Doesn't the Plus tier not have access to their best (Pro) model?

alansaber · 2026-04-24T12:35:31 1777034131

Very interesting. I wonder how much of this is due to the context length. I am unclear on the implementation strategy, you ran this problem as a 1-shot using chat mode, or using each on an agent harness?

segmondy · 2026-04-24T13:08:31 1777036111

Has nothing to do with context length, they have experience training math models, they have a model that would take gold in IMO and a lean prover. Both have been out for almost a year.

dataviz1000 · 2026-04-25T11:59:44 1777118384

> there is no quantitative measure of performance here

Have them do multiplication or other complicated arithmetic. You say that isn't difficult. Then why do they burn 200k tokens in 20 minutes without converging? I did a deep exploration to help myself understand here [0].

[0] https://adamsohn.com/reliably-incorrect/

chinadata · 2026-04-26T02:58:19 1777172299

Yes, DeepSeek can rely help save money.

bnm04 · 2026-04-24T14:10:16 1777039816

Have you also tried the Pro versions of ChatGPT and Gemini (Deep Think)?

hodgehog11 · 2026-04-24T15:23:02 1777044182

Yes to both, I'm paying for them and use the top-tier thinking models.

nibbleyou · 2026-04-24T07:12:21 1777014741

Curious to know what kind of problems you are talking about here

hodgehog11 · 2026-04-24T07:20:39 1777015239

I don't want to give away too much due to anonymity reasons, but the problems are generally in the following areas (in order from hardest to easiest):

- One problem on using quantum mechanics and C*-algebra techniques for non-Markovian stochastic processes. The interchange between the physics and probability languages often trips the models up, so pretty much everything tends to fail here.

- Three problems in random matrix theory and free probability; these require strong combinatorial skills and a good understanding of novel definitions, requiring multiple papers for context.

- One problem in saddle-point approximation; I've just recently put together a manuscript for this one with a masters student, so it isn't trivial either, but does not require as much insight.

- One problem pertaining to bounds on integral probability metrics for time-series modelling.

MinimalAction · 2026-04-24T13:33:39 1777037619

Regarding the first problem: are you looking at NCP maps for non-Markovian processes given you mention C*-algebra? Or is it more of a continuous weak monitoring of a stochastic system that results in dynamics with memory effects?

I'd be very curious to know how any LLMs fare. I completely understand if you don't want to continue the discussion because of anonymity reasons.

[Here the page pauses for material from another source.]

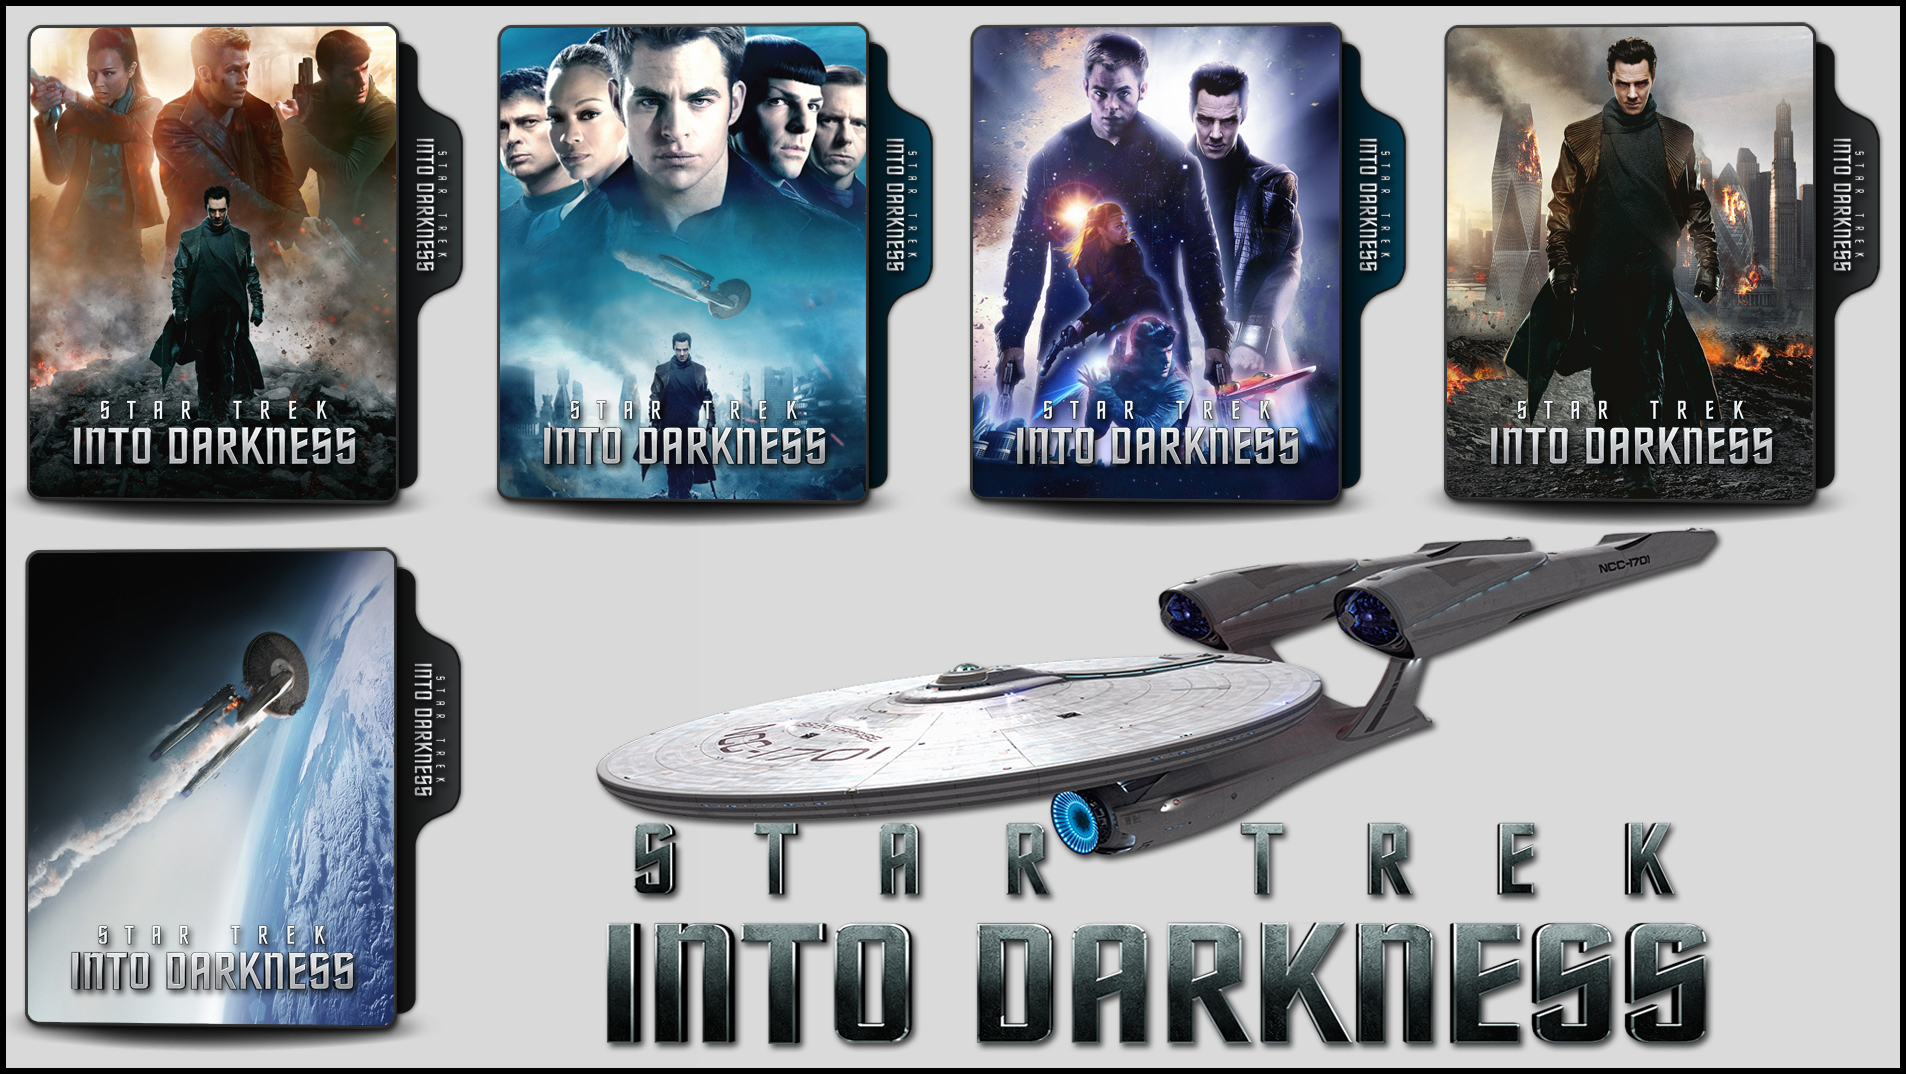 Star Trek Into Darkness 2013 Folder Icons By Onlystylematters On Deviantart

hodgehog11 · 2026-04-24T15:46:27 1777045587

More of the latter. It's a pet project of mine, and all of the LLMs tend to utterly fail at getting anywhere with it, at least in chats. In an agentic setup, it can chip away at some aspects, but it needs serious guidance on relevant language, notation, and concepts. To me, it demonstrates that the LLMs are not particularly good at crossing literatures, but then again, humans rarely seem to be good at that either...

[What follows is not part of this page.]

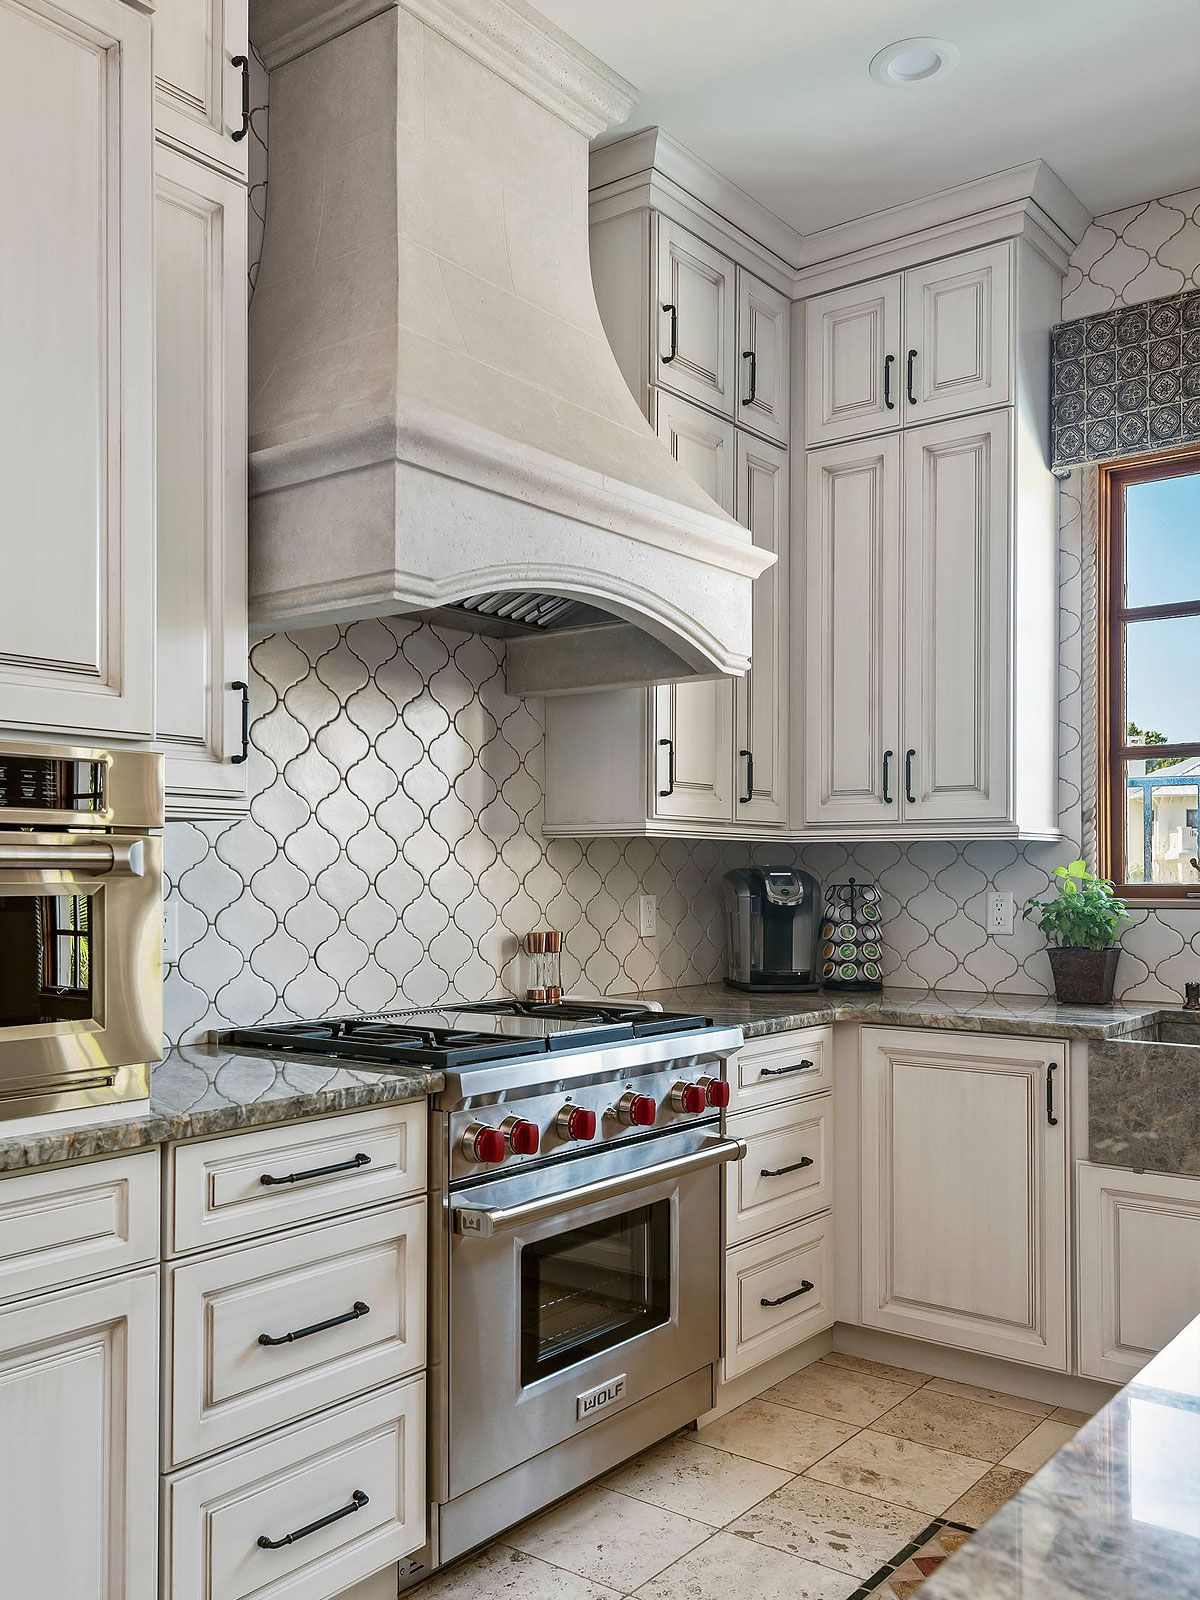 White Glazed Porcelain Arabesque Backsplash Tile Backsplash Com White Kitchen Rustic Kitchen Backsplash Trends Kitchen Design

pm2r · 2026-04-24T07:33:53 1777016033

It would be wonderful to have a deeper insight, but I understand that you can disclose your identity (I understand that you work in applied research field, right ? )

hodgehog11 · 2026-04-24T08:54:46 1777020886

Yes, I do mostly applied work, but I come from a background in pure probability so I sometimes dabble in the fundamental stuff when the mood strikes.

Happy to try to answer more specific questions if anyone has any, but yes, these are among my active research projects so there's only so much I can say.

pm2r · 2026-04-24T14:53:38 1777042418

Thanks a lot for your kind but detailed answer. I’m no more in the research field but you gave me good ideas to work on

fuddle · 2026-04-24T19:08:13 1777057693

Any plans to publish the benchmark results?

hodgehog11 · 2026-04-25T08:18:16 1777105096

I have plans to publish the problems, not any plans to publish how well the LLMs perform on them. The standard for publishing benchmarks is very high, and I'm really just posting vibes here. Still, I hope my experiences are useful to some people, as others experiences have been useful to me.